Cue up the entire playlist with a single click: Eighteen Tunes to Screw To

And stay tuned for a follow-up list the next week or two.

I used to have a Spotify playlist called Music To Screw To, a curated aural orgy of thumping bass and wah-wah guitar glory.  All the obvious songs were there —”Whole Lotta Love,” where Robert Plant sounds like he’s having an psychedelic orgasm on tape. “Come Together,” with its slinky, throbbing bassline. The sexily contemporary “Lebanese Blonde” and the R&B classic “In Between the Sheets,” among others.

Naturally, I turned on this playlist one night when I was giving a platonic massage to a new friend I was hoping to seduce. When the friend inevitably went over to my laptop before I could say stop, they saw the playlist name, and I was caught wet handed. Embarrassing? Kinda.

I’ve since renamed the playlist Ahhh.

Playlists like these are important.  Without them, your entire music libraries would be on shuffle like a parade of drunken bumble bees and coked-up hornets. A song like “Islands In the Stream” might come on when undergarments are being seductively removed.  Then, as a finger grazes a hole with feather-like sensitivity, on comes the blaring of “Yakety Yak.”  You can panic and try and make up a story, like assuring your friend that it’s a remnant from when you wrote a research paper on The Coasters’ valuable influence on the 1957 music scene, but it will be too late.

Yes yes, you want your sexy music to invoke an atmosphere that’s smooth, secure, occasionally pulsating and sometimes rocking — without feeling that uneasy sensation you might experience when an anvil comes crashing through a window or a pigeon flies into an aircraft engine.

This should go without saying, but we live in a matrix that is increasingly reliant on small, portable gizmos. Do not—I repeat, do not—listen to any of these songs with an iPhone or any other device incapable of delivering huge reserves of bass. If you do, you may as well cue up “The Sound of Music” and then drizzle cold mayonnaise all over your genitals.
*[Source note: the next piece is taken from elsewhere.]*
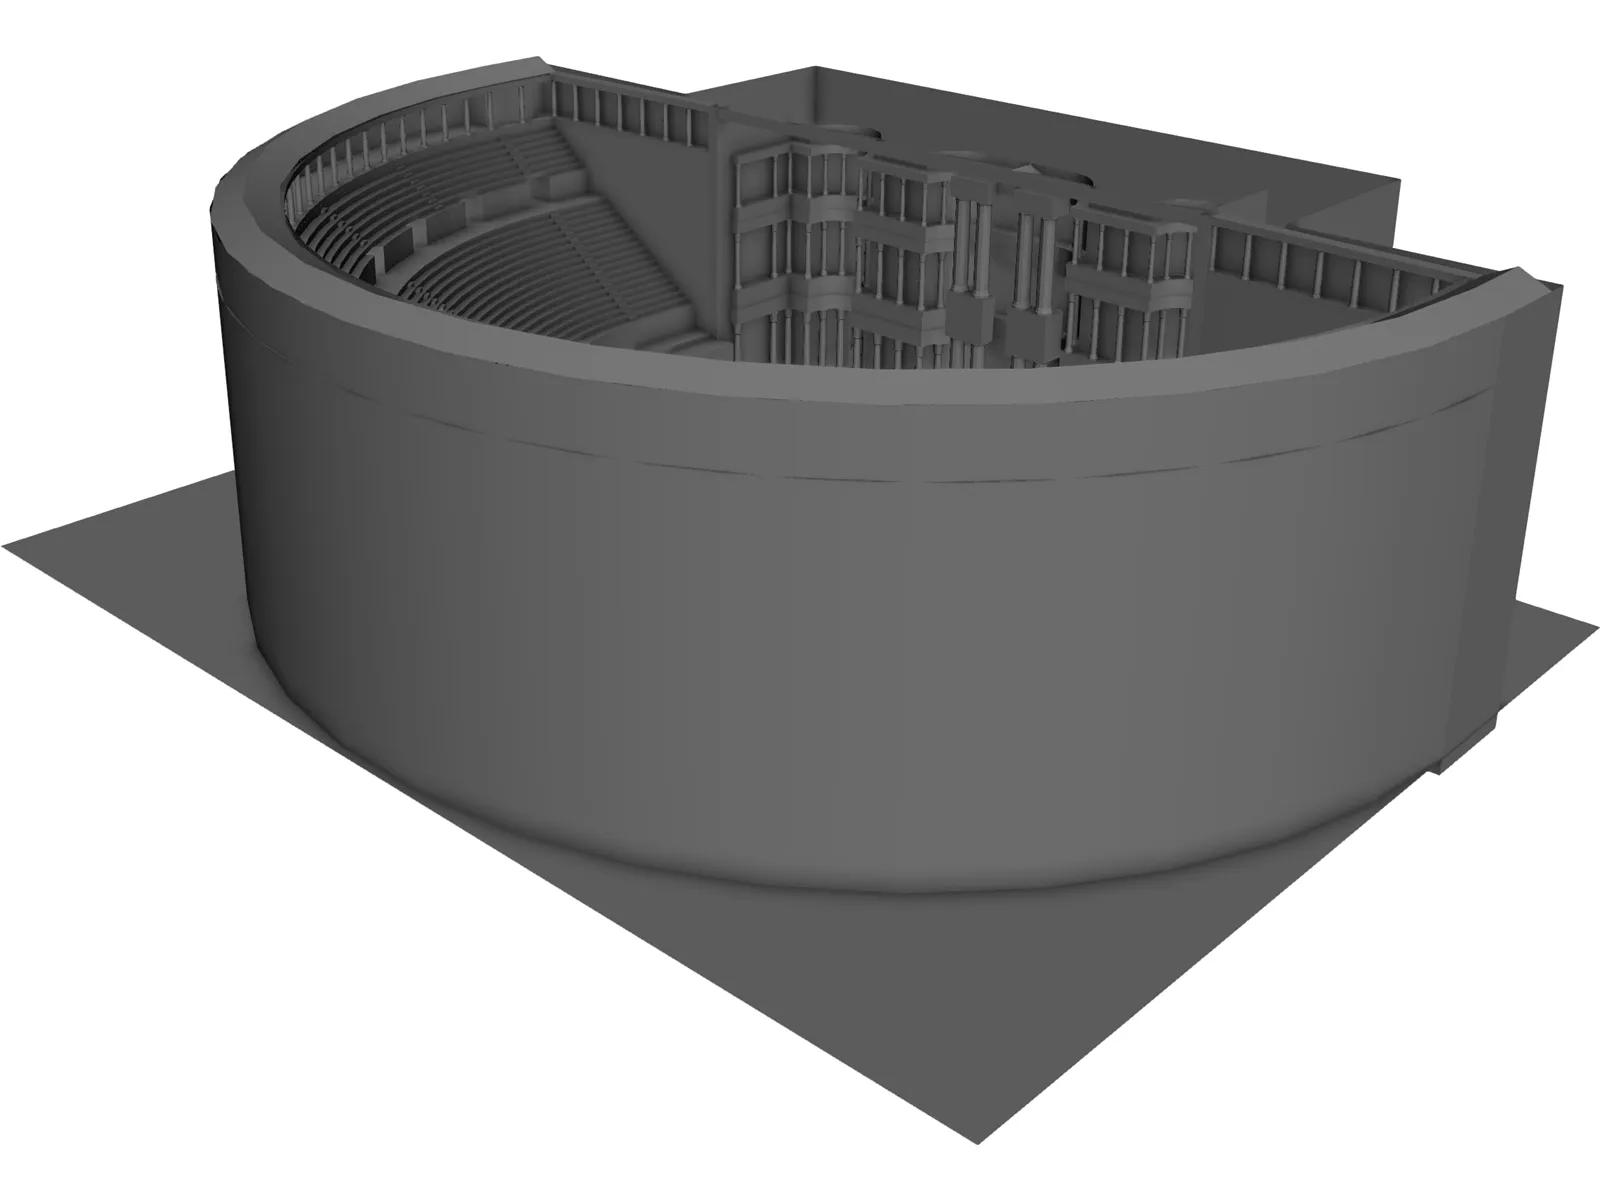 Bosra Ancient Theatre 3D Model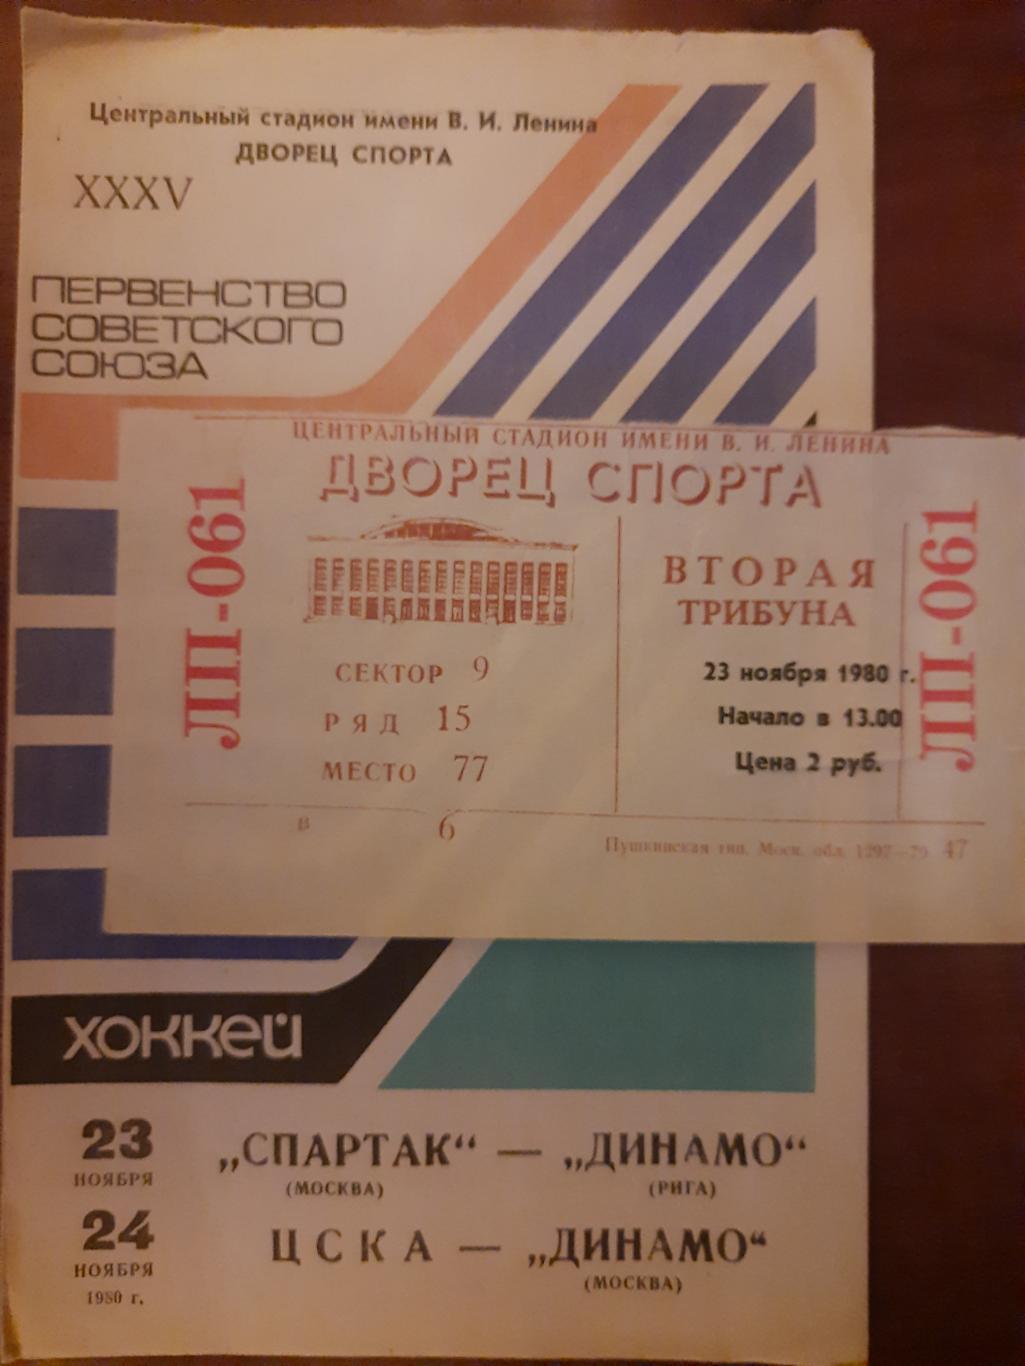 Спартак М - Динамо Рига , ЦСКА - Динамо Москва 23,24.11.1980

Ok, are you ready? First, listen to the playlist alone and get a feel for which songs you’d like to play during foreplay, intercourse, and aftermath, since they’re listed here in no particular order. Then, invite someone over, crank the bass up, hit play, and let the vibrations start to rumble.

Eighteen Songs to Screw To:

On The Road Again by Canned Heat

Like a 16-wheeler cruising down Route 66 filled with whiskey and cigars, “On the Road Again” has the most incessant rhythm section ever recorded.  Add some vocals by one of the most peculiar voices in the history of rock music, and there you go.  A classic sex song.

Passing By by Zero 7
What’s better than a song that sounds like a cross between Pink Floyd and Air?  I like to listen to this with fat headphones because the sultry vocal harmony is panned beautifully between two ears.  Wearing fat headphones might be awkward in bed with a partner, though, so just play it on a stereo really loud.  The bass is gigantic.

Feel Like Making Love by D’Angelo
Props to D’Angelo for successfully taking the sound of a dick sliding into a hole and turning it into a full-length song.

Mambo Sun by T-Rex
The less popular but more sex-appropriate pioneers of glam rock alongside David Bowie. Lava lamp-shag carpet-big hair-sexy scream-fuzz guitar-ooh-aah-party, compressed into 3:41 of ear massage.

Fools Gold by Stone Roses
The beat on this song will make you want to shake your ass so hard on a dance floor, but in a small room that’s dark, hot and lined with velvet—ostensibly your bedroom.  Perfect, because about halfway through its 10-minute length (be sure to find the long version, not the shortened one) this turns into an instrumental where the psychedelic guitar noises and spacey booming sounds threaten to blow your speakers to shreds, which may impress your date as you’ve transitioned to the bed. Bonus, it’s all held together with conga drums that keep things barely down to earth.

A Go Go by John Scofield
John Scofield looks like an accountant.  On better days, maybe he looks like a disheveled math professor. The sounds he creates are a different story, however.  I once saw him live and nearly shit my pants when he plugged a wah wah pedal into a backwards pedal and made the most satanic noises I’d ever heard come from a musical instrument.  This track is slow, dark and perfectly moody—and filled with his signature nerve-twisting guitar weirdness.

FunkShun by Albert King
Albert King’s voice is a stunner—soaring, barking, hooting and crooning all at once.  In any case, he doesn’t sing on this song because it’s an instrumental.  Smokey piano, simmering horns, snaky bass and biting guitar all make this tune groove like it’s escaping the steamy window of a Memphis juke joint.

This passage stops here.